The tool is run with the following command:

```
./bin/extract_TFBSs_JASPAR.sh -i INPUT BED -b INPUT BIGBED [-o OUTPUT] [-t TFs] [-m MATRIX IDs] [-s SCORE THRESHOLD] [-p NUM PROCESSORS]
```
where the following options are mandatory:

* `INPUT BED` is a BED file containing the regions of interest. **Note!** Currently, compressed BED files such as *.bed.gz* are not supported neither as input or output.
* `INPUT BIGBED` is a bigBed file containing the JASPAR TFBSs. These files can be downloaded from [here](https://frigg.uio.no/JASPAR/JASPAR_TFBSs/).

And the following ones are optional:

* `OUTPUT` is a path to the output file. When this is not provided, the extraction results are sent to standard output.
* `TFs` is a file containing a list of TF gene symbols separated by a new line. When provided, only TFBSs for the specified TFs will be shown.
* `MATRIX IDs` is a file containing a list of JASPAR matrix IDs separated by a new line. When provided, only TFBSs for the specified matrix IDs will be shown.
* `SCORE THRESHOLD` is an integer denoting the minimal score a TFBS should show. For more information about the correspondence between TFBS score and a p-value, see this page [here](https://genome-euro.ucsc.edu/cgi-bin/hgTrackUi?hgsid=290259872_tndyJlqyvi4iWtlWaXIXbDZqvILC&db=hg19&c=chr6&g=jaspar).
* `NUM PROCESSORS` is the number of cores to run in parallel (default = 2).

### Example files ###

The files in the `example_files` folder show an example of some input files. They are designed to work with the JASPAR 2022 bigBed file for Ciona intestinalis (JASPAR2022_ci3.bb) found [here](https://frigg.uio.no/JASPAR/JASPAR_TFBSs/). This bigBed file is not available in this repository because of its size.

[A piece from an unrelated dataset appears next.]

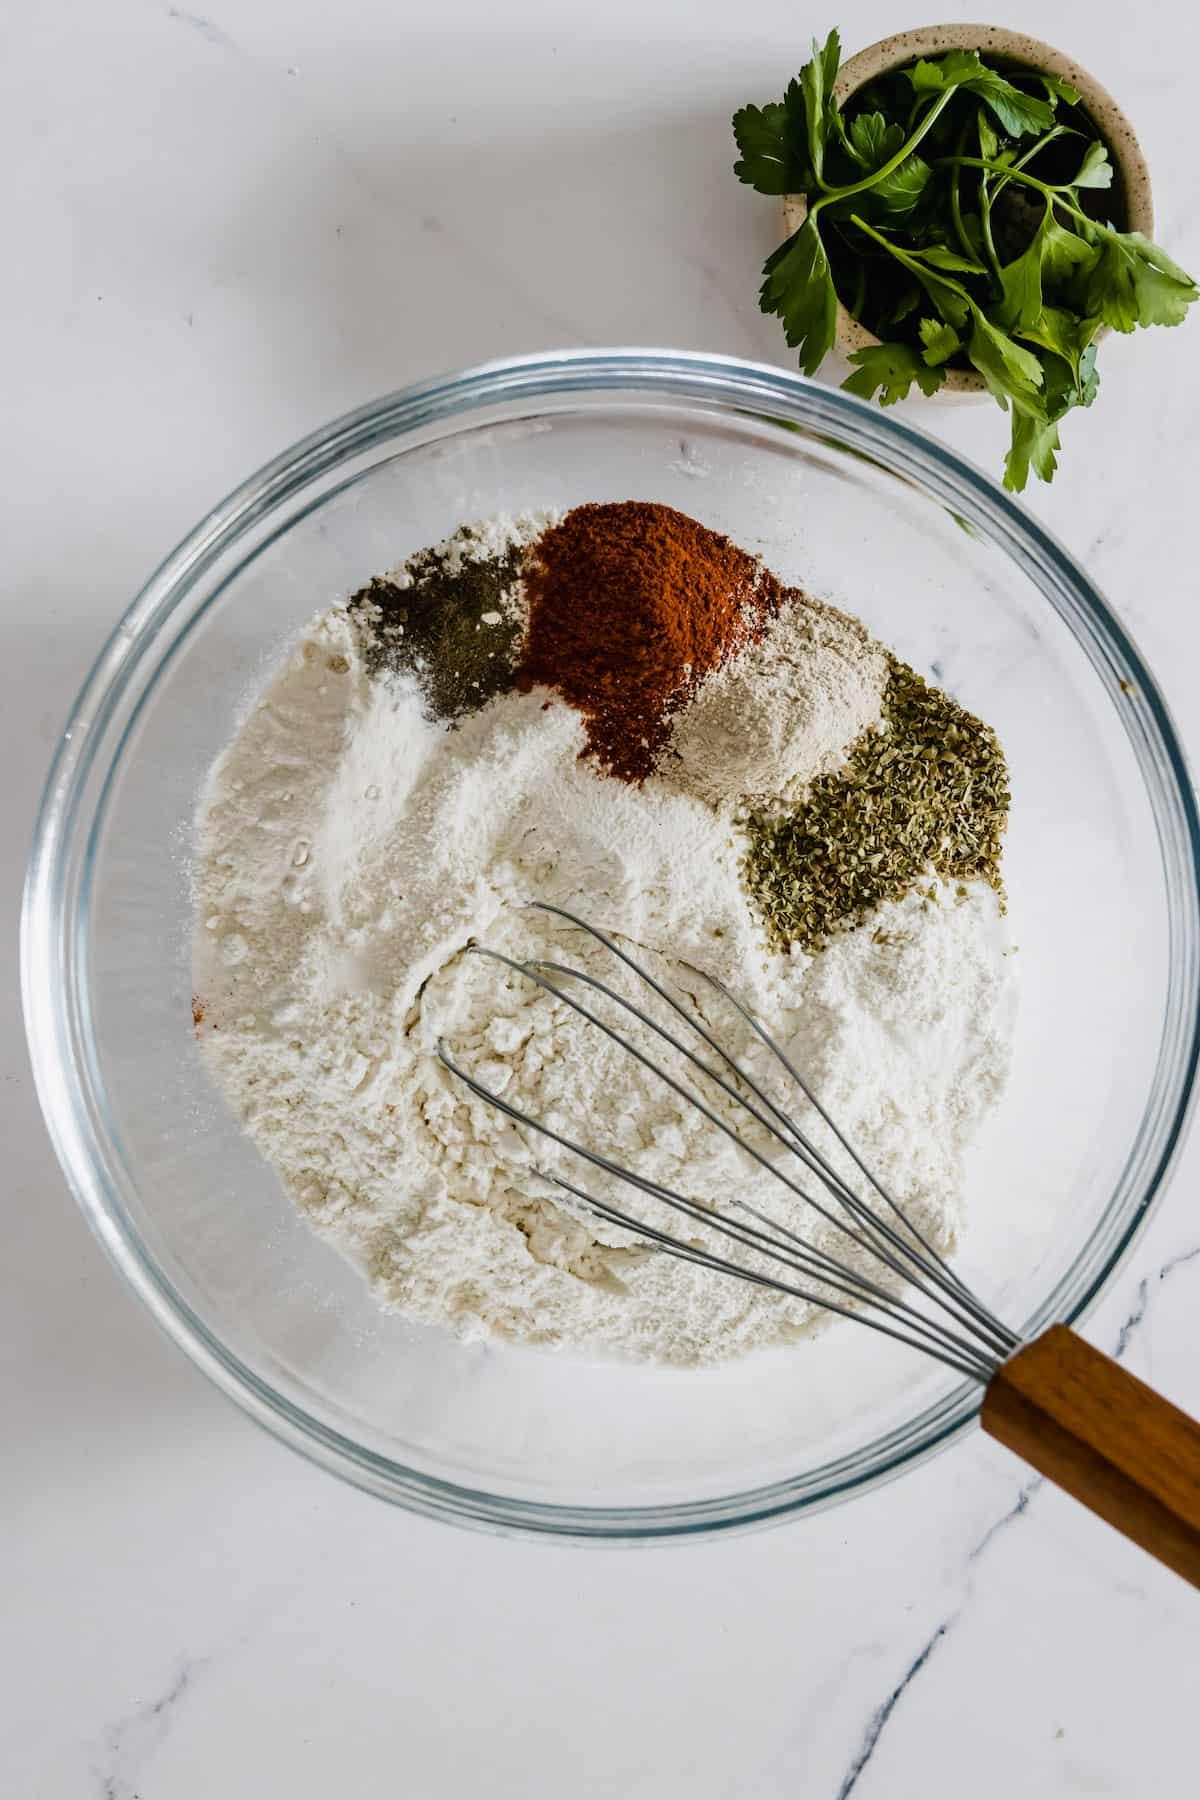 Flour, Salt, Pepper, Paprika, Garlic Powder and Onion Powder in a Glass Mixing Bowl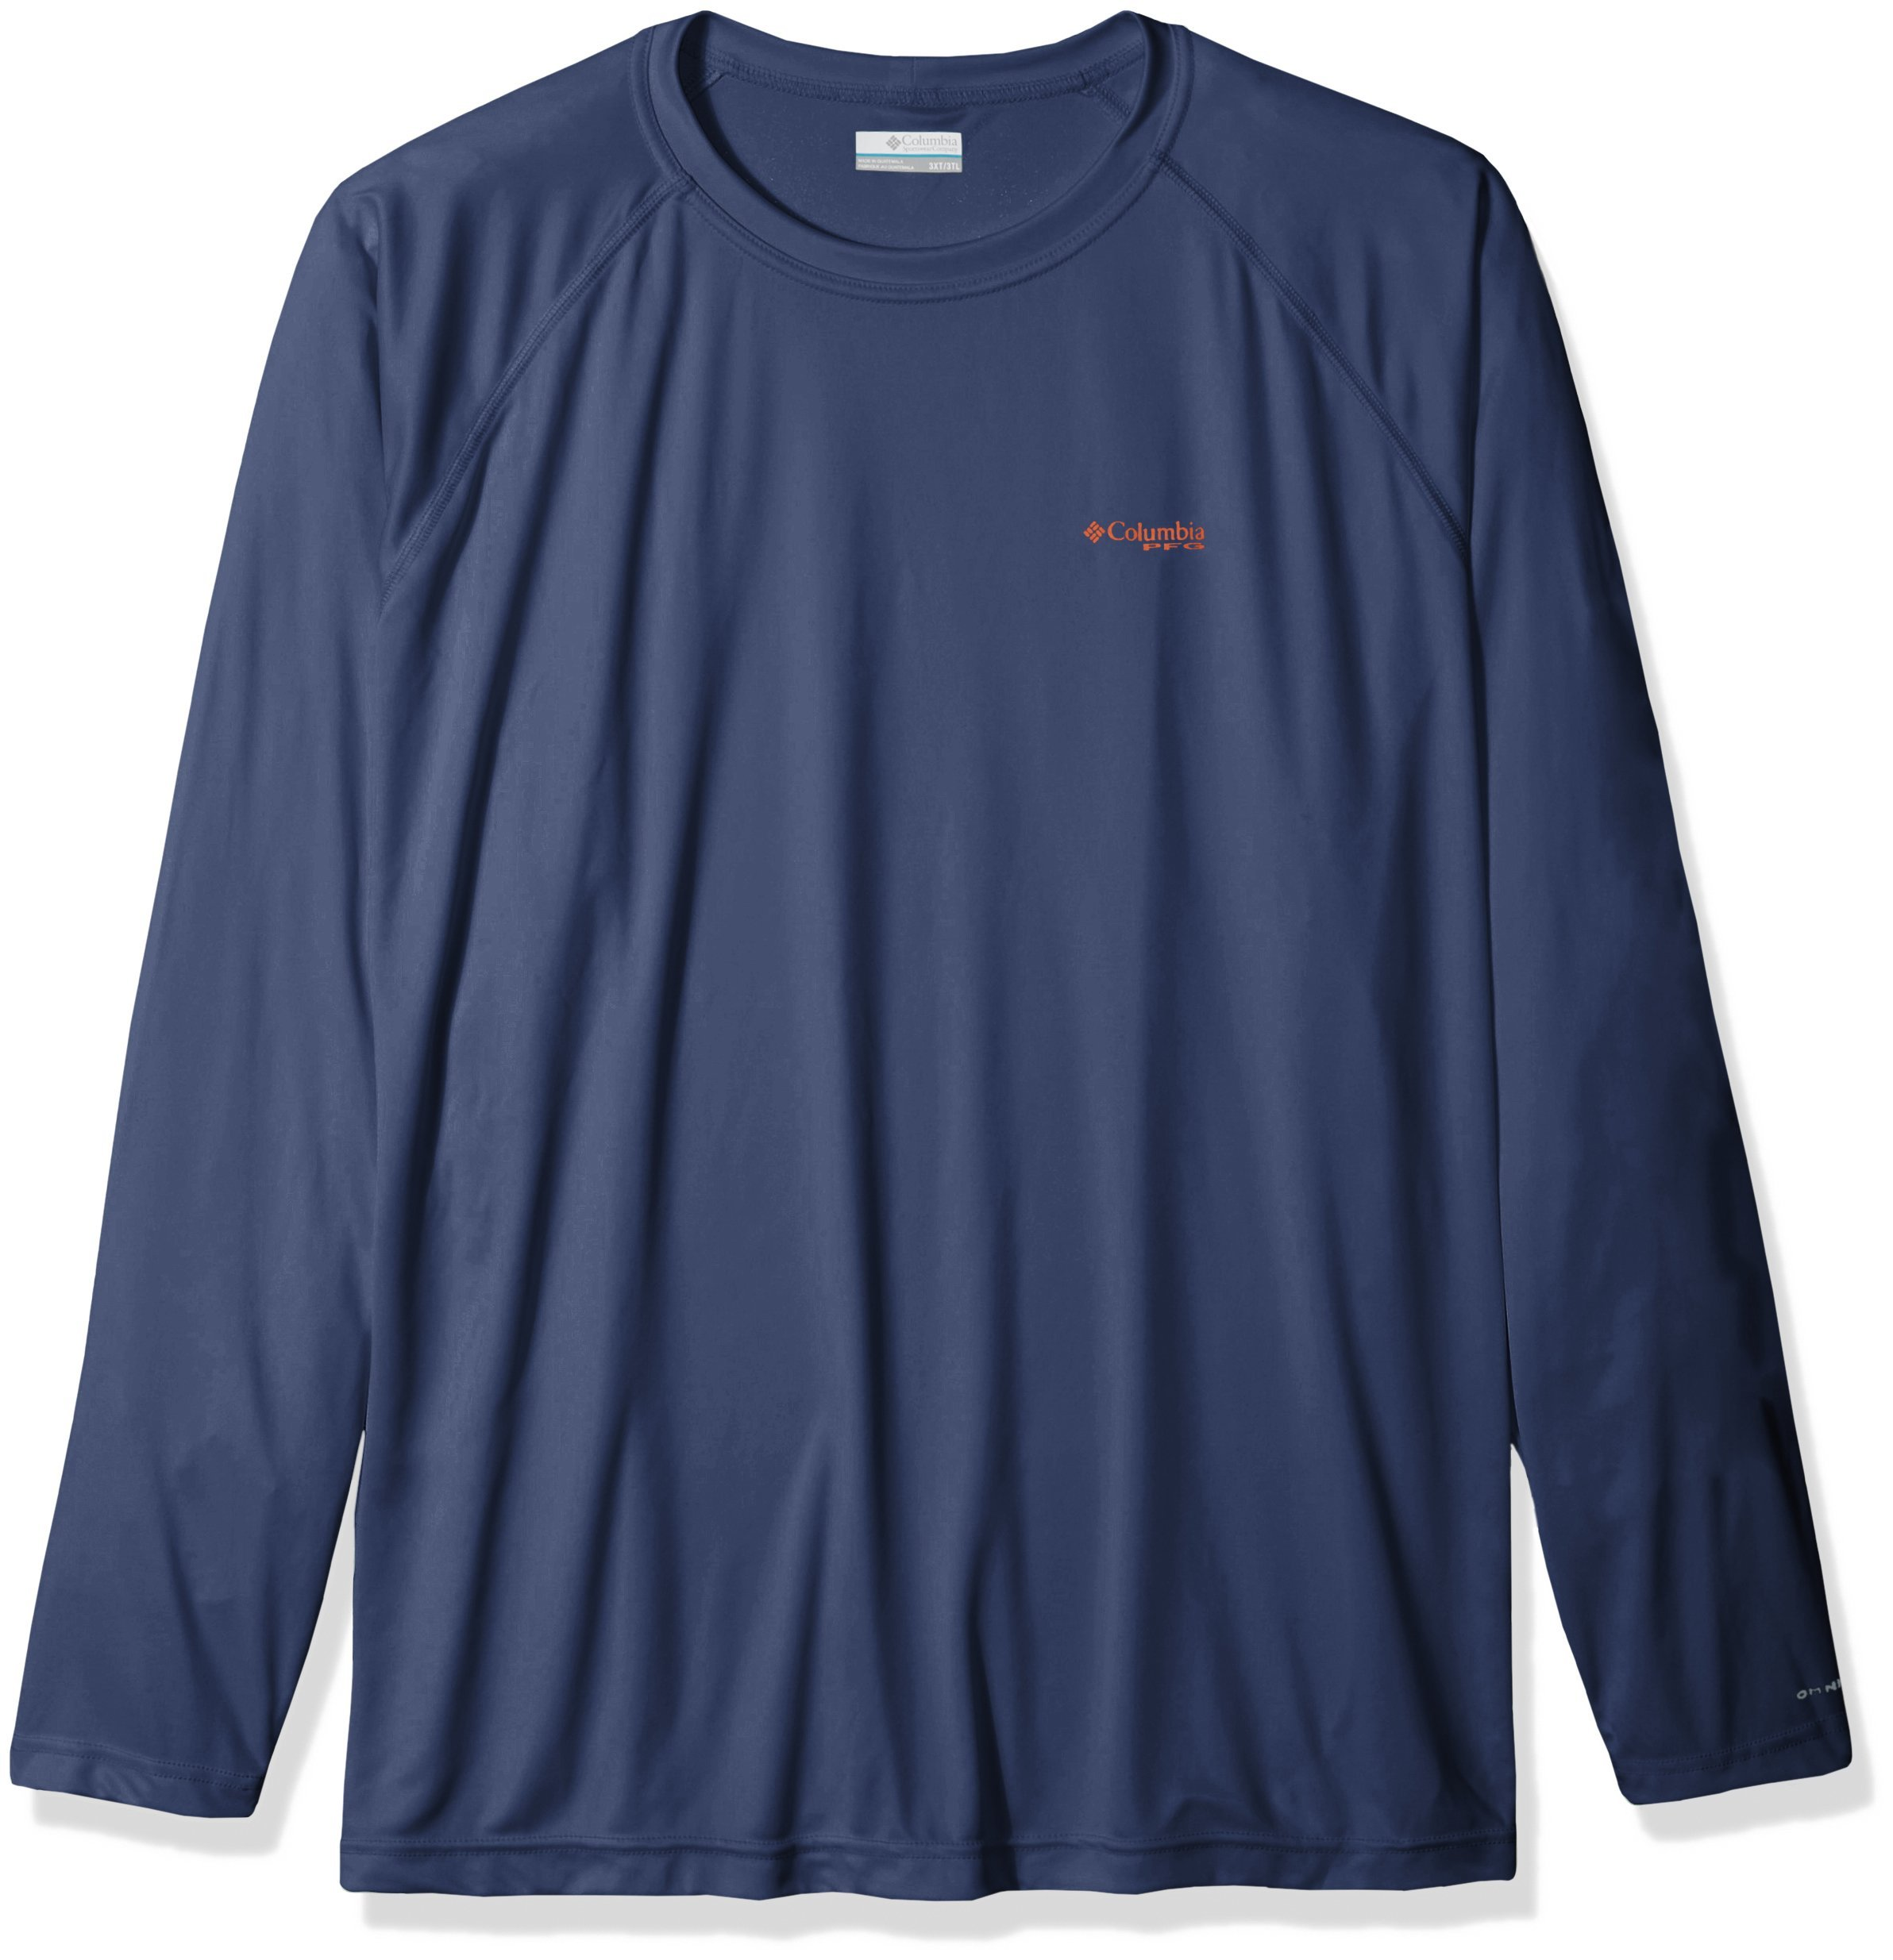 Columbia Men's Terminal Tackle Big & Tall Long Sleeve Shirt, Dark MTN, Backcountry Orange L, 4X

After downloading the bigBed file, you can run an example with:
```
./bin/extract_TFBSs_JASPAR.sh \
    -i example_files/ciona_regions.bed \
    -b example_files/JASPAR2022_ci3.bb \
    -o example_files/ciona_TFBSs.bed \
    -t example_files/TFs.txt \
    -s 300
```

The output of this file is going to be saved in `example_files/ciona_TFBSs.bed`. 

```
cat example_files/ciona_TFBSs.bed
chr1	63	72	MA0118.1	306	-	Macho-1
```

### Docker and singularity ###

The tool can also easily be run using the container [here](https://hub.docker.com/r/cbgr/jaspar_tfbs_extraction). Below you can see how to run the same job with the example files with docker and singularity.

**Docker:**

It is necessary to bind the directory containing the data with some path in the container. In this case, we bind the root directory of this repository to the `/input/` path within the container so that the tool can access the necessary data and scripts. Make sure to modify this according to how your data is organized. In addition, we use the `--user $(id -u):$(id -g)` to avoid any permission issues when running the tool. 

```
docker run \
    -v $(realpath .):/data/:rw \
    --user $(id -u):$(id -g) \
    --rm \
    cbgr/jaspar_tfbs_extraction:<version> \
        bash /input/bin/extract_TFBSs_JASPAR.sh \
        -i /input/example_files/ciona_regions.bed \
        -b /input/example_files/JASPAR2022_ci3.bb \
        -o /input/ciona_TFBSs.bed \
        -t /input/example_files/TFs.txt \
        -s 300
```

Note that `<version>` should be substituted by the container version you want to use (e.g. `latest`).

**Singularity:**

Similar as in docker, we use the `--home` option to set the path to this repository's root directory as the home directory within the container. Additionally, we also use the `-e` option to make sure no environment variables are passed. 

```
singularity run \
    --home $(realpath .) \
    -e \
    docker://cbgr/jaspar_tfbs_extraction:<version> \
        bash bin/extract_TFBSs_JASPAR.sh \
        -i example_files/ciona_regions.bed \
        -b example_files/JASPAR2022_ci3.bb \
        -o ciona_TFBSs.bed \
        -t example_files/TFs.txt \
        -s 300
```

Note that `<version>` should be substituted by the container version you want to use (e.g. `latest`).